Opis
Spotkanie w szkole z astronautą staje się pretekstem do kosmicznej przygody.
Marysia słyszy, że nie mogłaby zostać astronautką, ponieważ jest za niska i nosi okulary.
Babcia Adela nie przyjmuje takich argumentów, bo kosmos według niej jest dla każdego.
Przygoda zaczyna się więc od wypożyczenia książki „Zrób to sam.
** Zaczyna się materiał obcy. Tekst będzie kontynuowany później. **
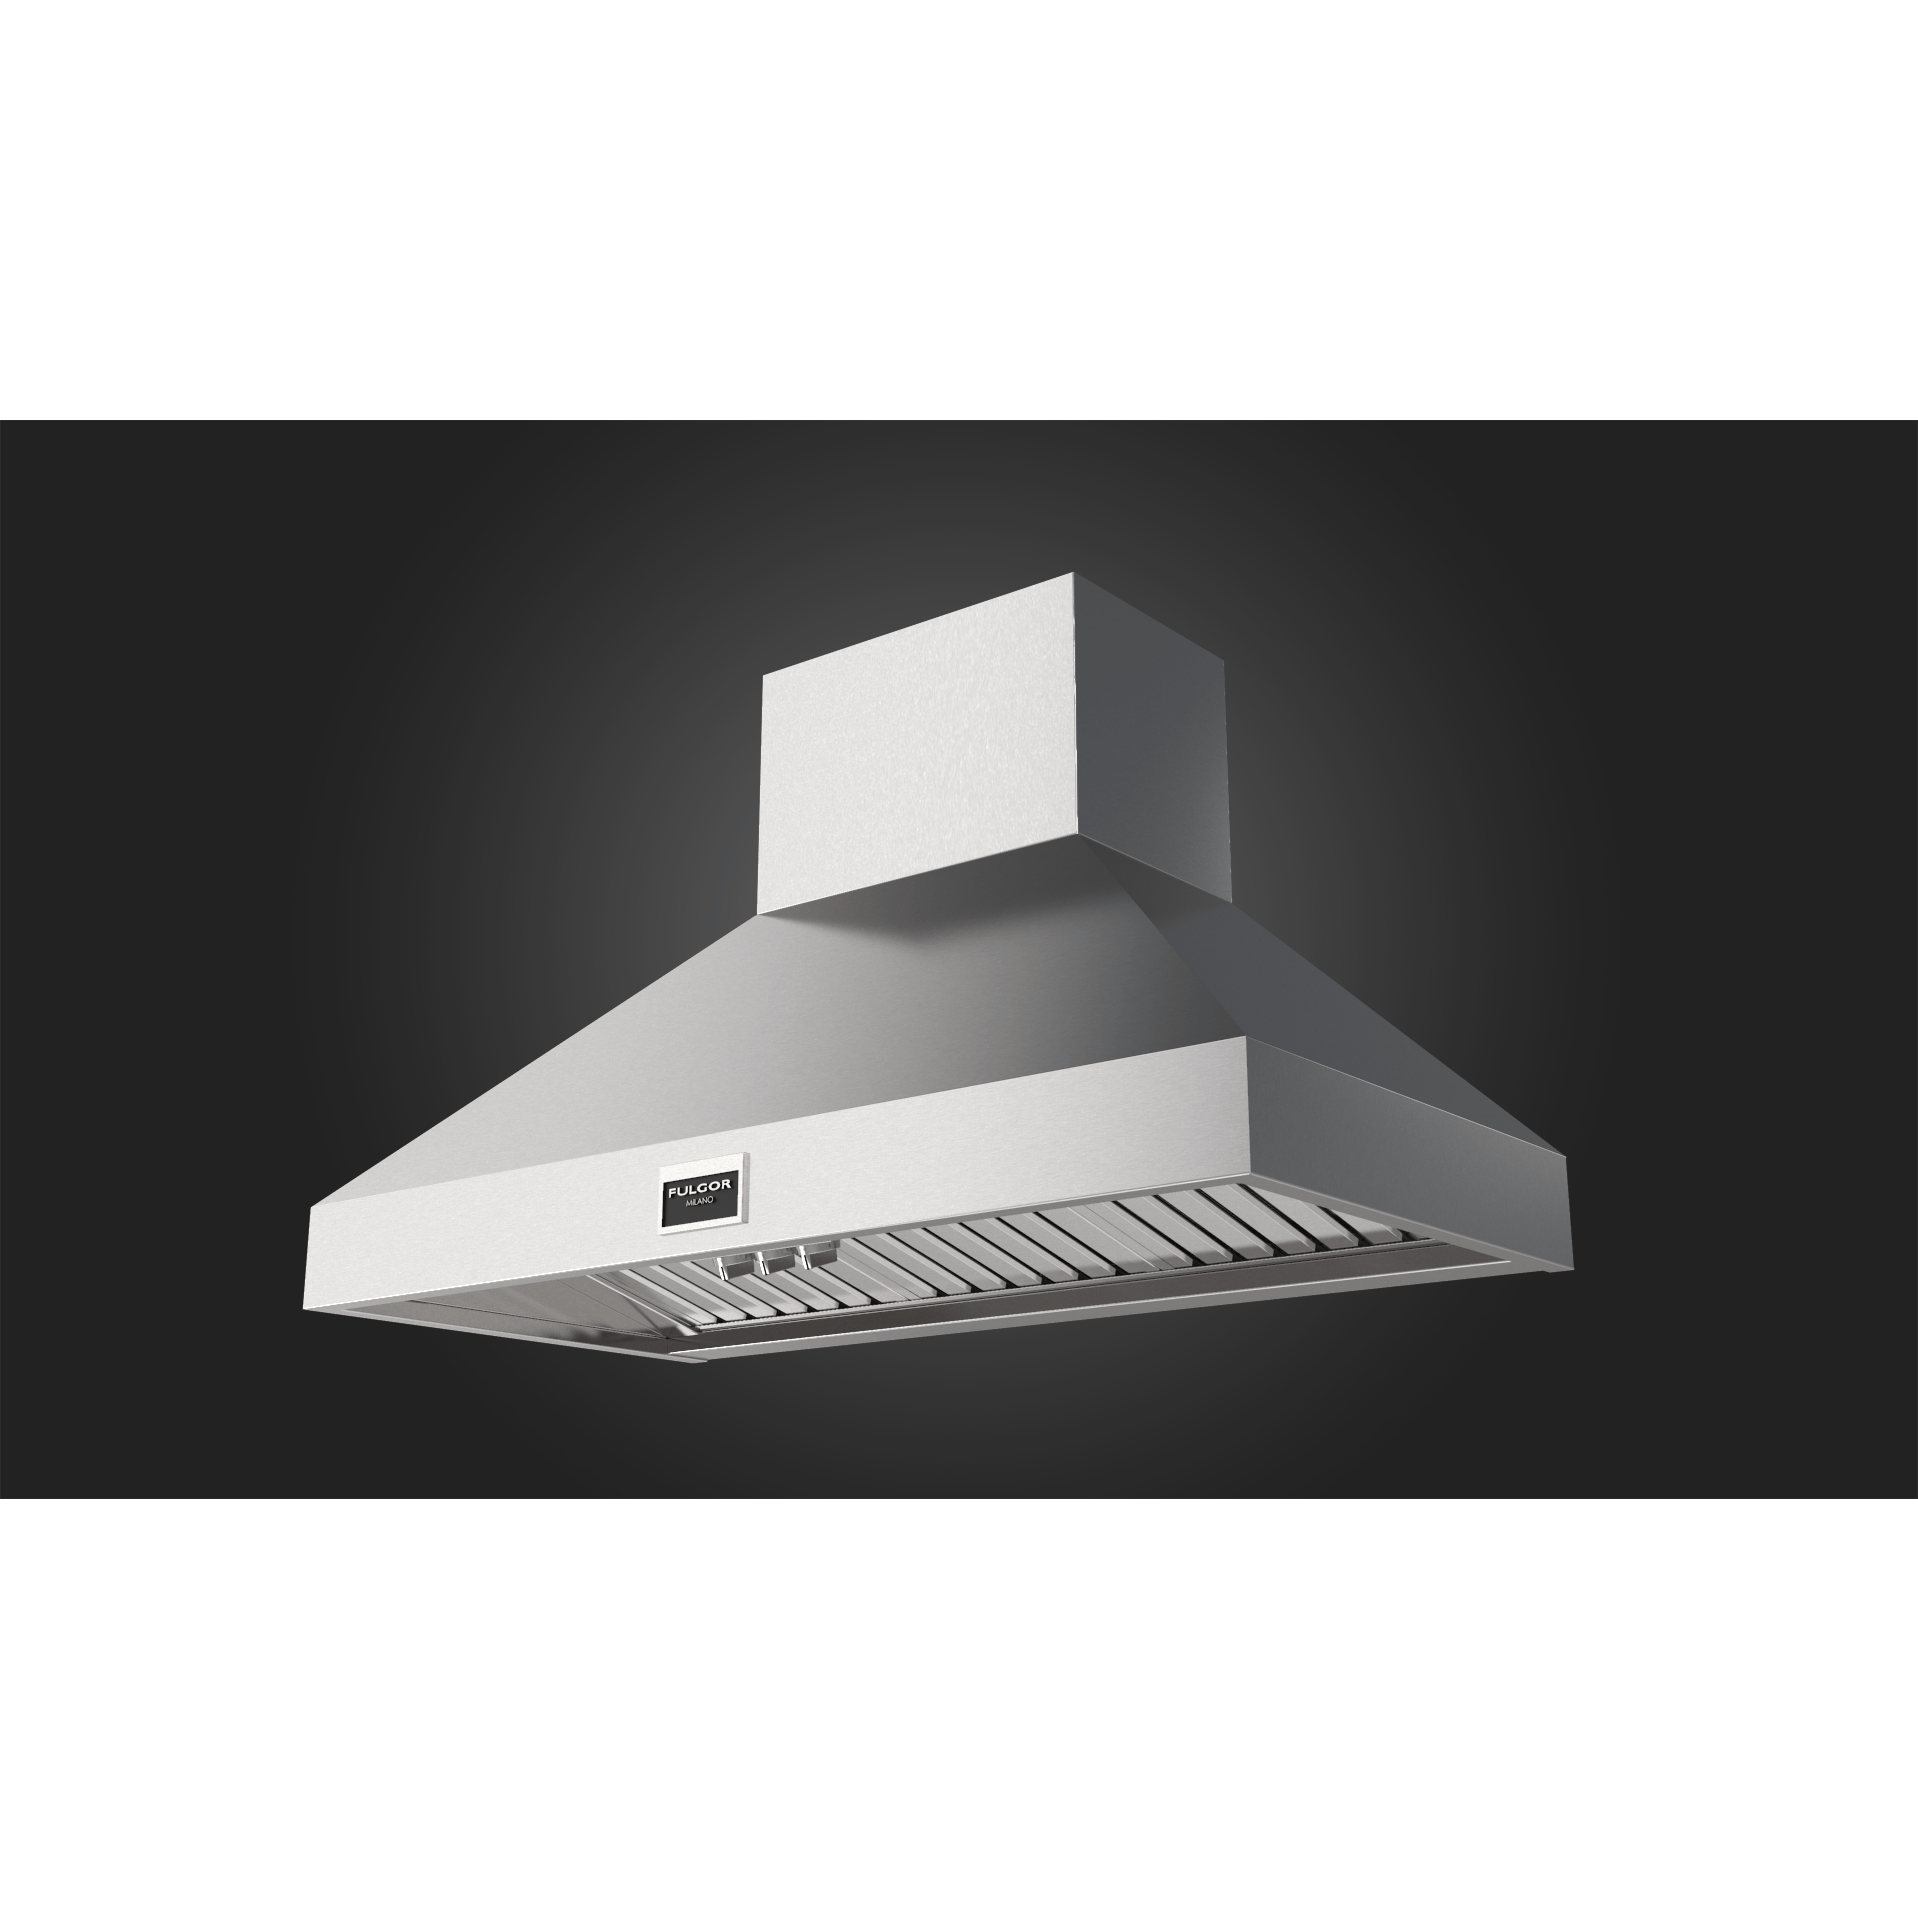 Fulgor Milano 48" Wall Mount Range Hood with 3-Speeds, 1000 CFM Blower Stainless Steel - F6PC48DS1 Range Hoods F6PC48DS1 Luxury Appliances Direct

Model rakiety”.
Babcia postanawia zbudować ją sama, tak aby miejsca wystarczyło dla wnuczki i jej samej, a także jej roślin doniczkowych i oczywiście Gizeli.
Entuzjazm jest tym większy, ponieważ starsza pani interesowała się od zawsze kometami, a jedna z nich za kilka dni będzie przelatywać obok Układu Słonecznego.
Przez kilka dni babcia zachowuje się bardzo tajemniczo, bo sam projekt wymaga przecież skupienia.
Marysia jest przekonana, że jej plan to wyprawa w kosmos… i się nie myli.
„Babciu, jesteś genialno- fantastyczno- niesamowita!” tak reaguje ze zdumienia Marysia, kiedy wsiada do rakiety.
Co nasze podróżniczki zobaczyły w kosmosie, skąd się wzięła kometa Adeli, co to znaczy spędzać każdy dzień, jakby był niedzielą.